Did you know we are all walking around with about three pounds of bacteria in our intestines which is powerful stuff? Recent discoveries reveal that this bacteria “the microbiome” is the control center of our health — from weight loss without counting calories, to strengthening the immune system and supporting our mental health and sleep. One of the best ways to influence the picture of this bacteria — so that it becomes diverse and consequently interacts with other systems in the body — to make us healthy, is to bombard your body with colorful fruit and vegetables containing fiber and plant chemicals to feed all the different type of bacteria up each day. Getting your vegetables and fruit count up from a handful to more like 20–30 different types each week can be easy if you employ a few easy strategies…

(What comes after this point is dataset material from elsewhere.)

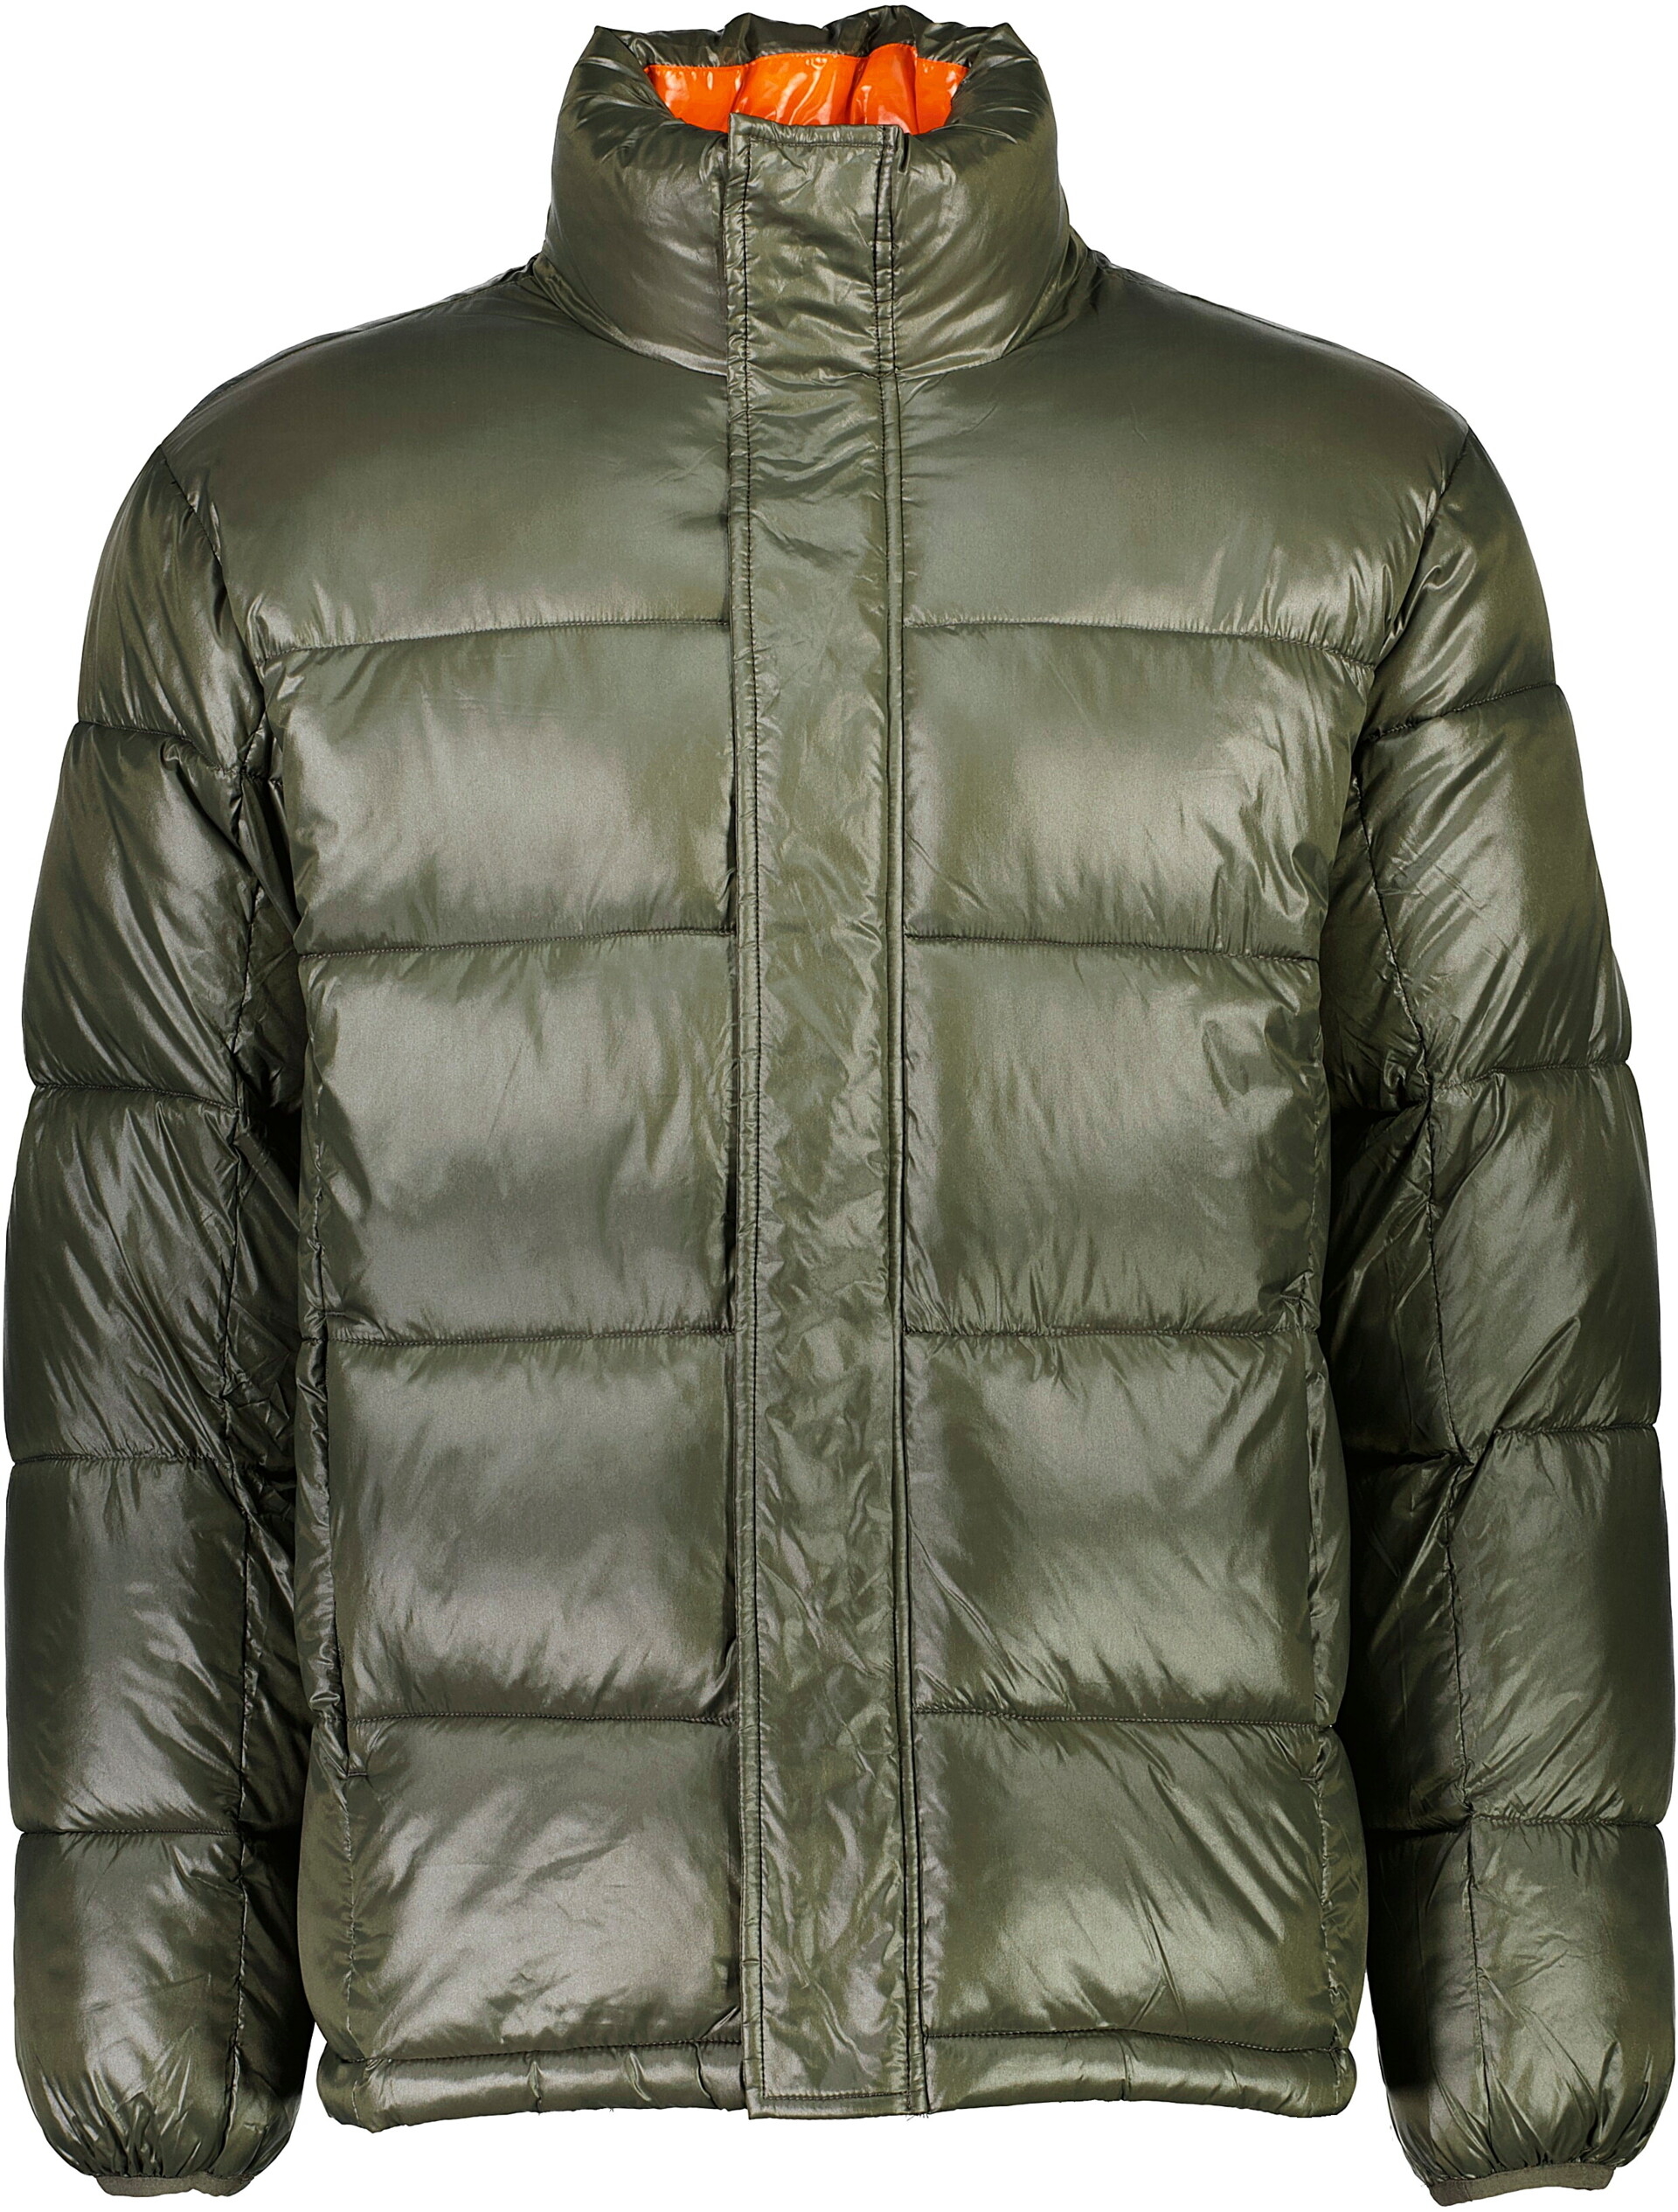 Lindbergh Padded jacket green / army

1) Look at each meal as if you’re creating a quick work of art. Try to avoid a monotone color plate of food. It doesn’t matter what you are eating, ask yourself where are the bright colors? It might mean snipping up some fresh herbs and scattering them on your dinner, grating a carrot on top of a few salad leaves, throwing a handful of defrosted berries onto breakfast, or some pomegranate seeds onto some roast vegetables, or chopping up some cooked beets. However beige the rest of the dish is looking — pep it up with some quick color.

2) Make side dishes a must. Side dishes are a brilliant way to get another portion of vegetables into you and widen your range. Seek out the side dish list on menus and try to include in your order vegetables you might not cook at home or haven’t had in a long time. The more you can widen your range of vegetables, the more diverse your gut bacteria will become — from the Portobello mushrooms, to the okra, to the chopped salad.

3) Make your vegetable and salad dishes really delicious by using a good quality extra virgin olive oil (EVOO) drizzled on top. This means your gut bacteria not only get food from the fiber in the vegetables or salad leaves. EVOO includes polyphenols plant chemicals which gut bacteria also like to feed on. EVOO contains more polyphenols than more processed versions, and can help protect the oil from damage when gently heated. å

4) Live like a Mediterranean and start having a starter with your main meal each day. A bowl of grocery store bag of leaves — from lamb’s lettuce to rucola with some EVOO and a drizzle of lemon juice and a little sea salt and fresh ground pepper. Or a sliced tomato sprinkled in a little sea salt to bring out the flavour with EVOO and a little balsamic vinegar drizzled on top. Maybe half an avocado sliced with a little walnut oil and a sprinkle of dried chilli flakes, or just half a ripe melon with a piece of prosciutto ham draped over the top. Starters are a great opportunity to get another portion of plant material into your gut each day. Vegetable soups from mushrooms, to tomatoes, to carrot and coriander are other options — and even a grocery store bought fresh soup will do the job if you are too busy to make your own.

5) Try to get two vegetables/fruit portions into you at breakfast so you’ve given some good food to your gut bacteria however little fiber and plant colour present themselves the rest of the day. This means mixing some spinach leaves into your eggs, or cutting up an orange with all the pith and fiber on the side. Try to avoid juicing oranges or other fruit as the fiber (the best bit for your gut) goes in the trash, rather than feeding your microbiome. Another quick option is to throw a cup of fermented milk kefir into a blender with a cup of blue berries and half a banana, and a tablespoon of flax seeds. This is a mega meal for your bacteria before you’ve even left the house. The kefir plants friendly probiotic bacteria into your gut. The blueberries are rich in polyphenols plant chemicals which are a great food for your bacteria. The banana contains inulin, a prebiotic fiber bacteria particularly like. When your gut bacteria eat eat flax seeds, they produce a fuel needed to build a healthy gut lining. Flax seeds also help you produce a daily healthy stool. A well-formed daily stool is really important to avoid headaches, tiredness, and hormonal imbalances.

6) Keep an apple (they stay fresh a long time), or jar of olives in your bag/desk draw/car, to eat alongside in an emergency. Some airports and offices can be real food deserts with nothing but beige sandwiches containing only traces of any sign of colour (eg the soggy lettuce leaf).